Before you can guess, however, you must get a name. This is were the laziness of people becomes helpful. The kinds of people who will have easy to guess secret questions are also the kinds of people who would use the same user name for both a public forum and a member's only site.

It was in this sort of scenario that I found myself, and it was from here that my spider was born. It's job, harvest a list of user names from a website.

So, you want a spider huh?

Learning to read (and thus use) other people's code is something of an art form. However, authors can make it easy by providing verbose comments. If you don't like prose, feel free to skip to the end. All the source is provided there. Still here? Good, let's jump right in.


#!/usr/bin/php
<?php
    echo("\n");
    ...
?>

Those four lines are my standard openers to any PHP program. The first lets my computer know where PHP can be found. The send begins a block of PHP code, and the third prints a new line to the screen so any output I generate from here on out isn't smashed up against the command line. The elipsis represent where a block of code has been removed to make explanations easier. The final line marks the end of a block of PHP code.


$start = "http://searchlores.org/";

This line answers the question "Where should we start searching from?" The variable $start (in PHP all variables begin with a dollar sign) is initialized and told to contain the string "http://searchlores.org/" which is the URL our spider will start searching from.

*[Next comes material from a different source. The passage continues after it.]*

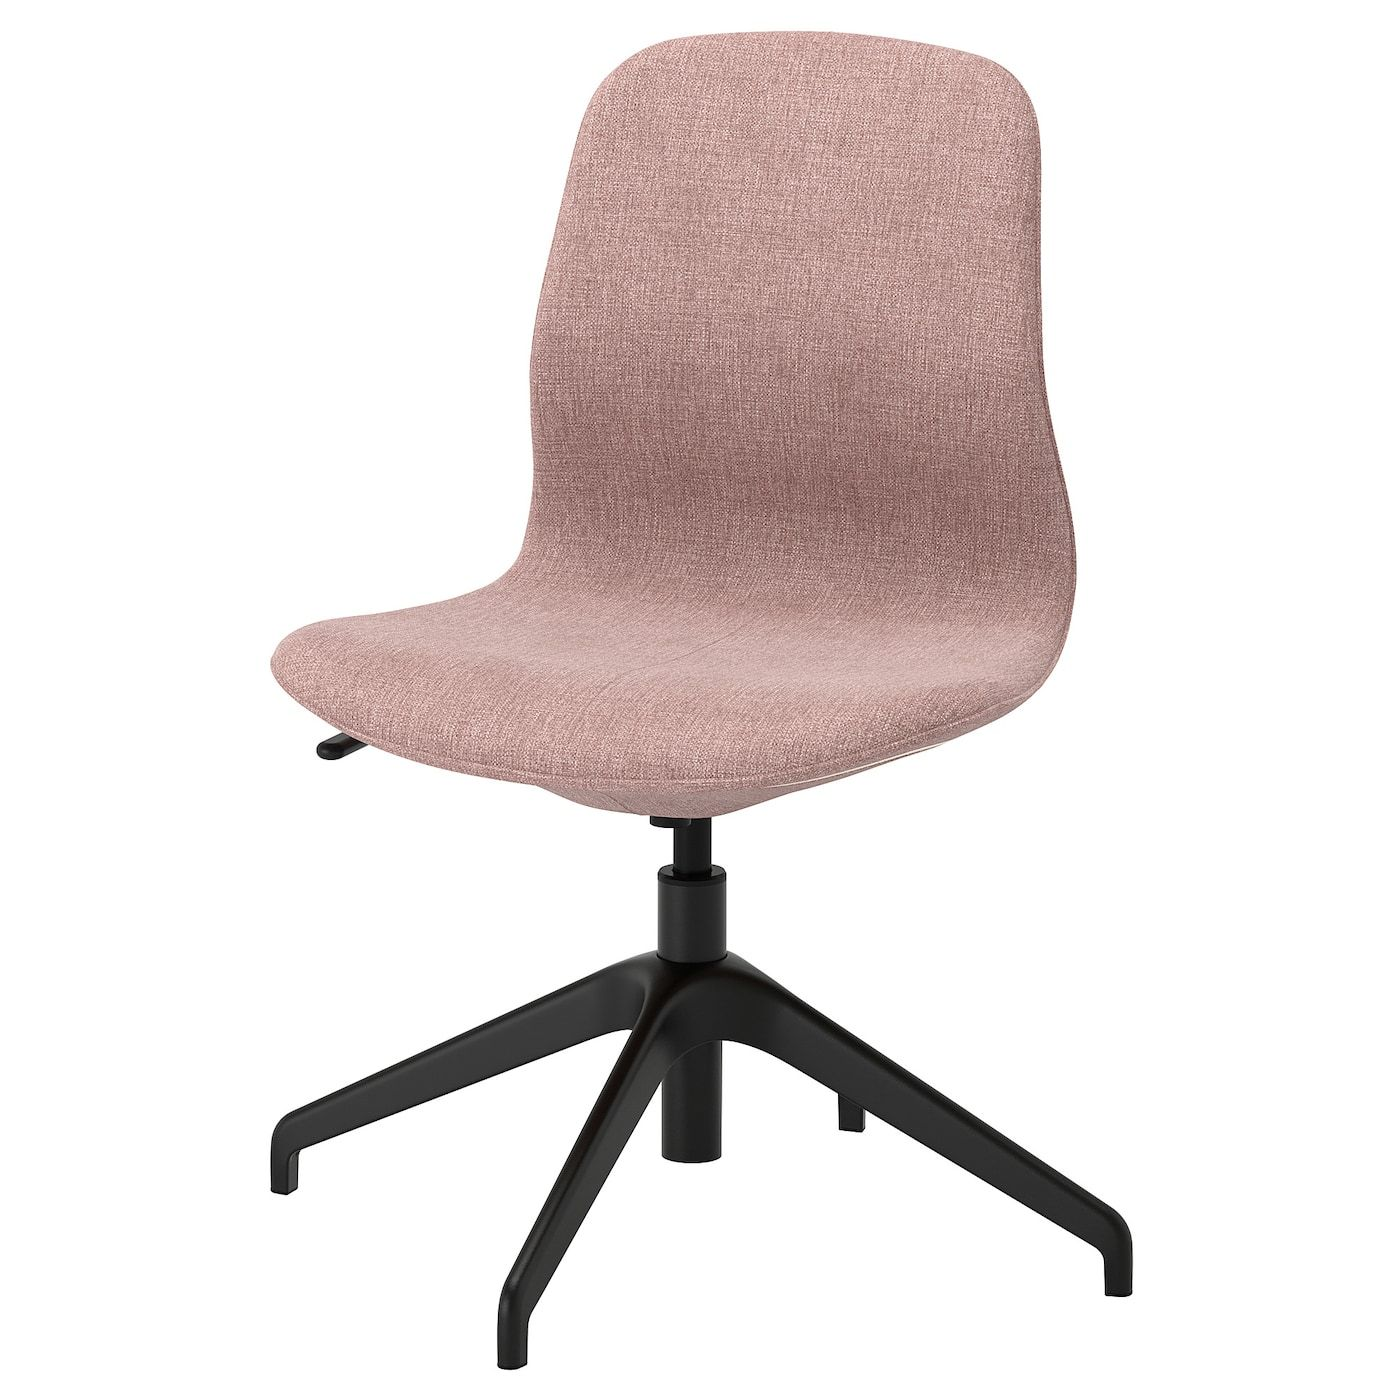 Langfjall Vergaderstoel Gunnared Oudroze Winkel Vandaag Ikea Kantoorstoel Bureaustoel Kantoor Behang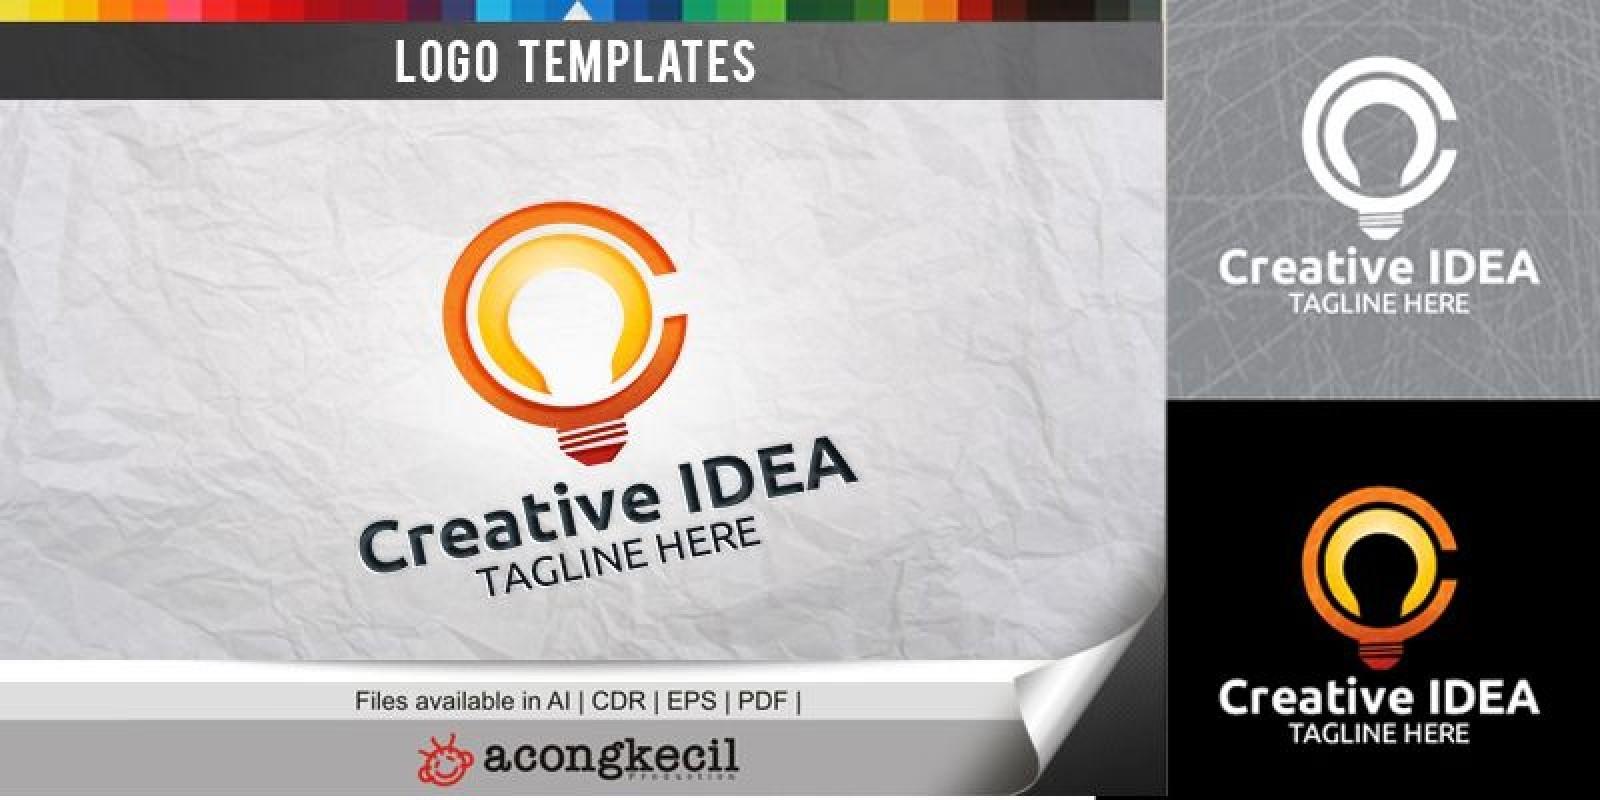 Creative Idea - Logo Template

$search = "/<em>(.*?)<\/em>/";

Another question answering line. "What should we be looking for?" The variable $search now holds a Perl compatible regular expression that will match anything between a set of emphasis tags. Yes, our spider has the ability to search within code. If you're not familiar with Perl regular expressions, I'd suggest you read up on them, 'cause this spider uses them quite a bit. Two of the resources I used during development were:

Anyways, back to the spider and the code.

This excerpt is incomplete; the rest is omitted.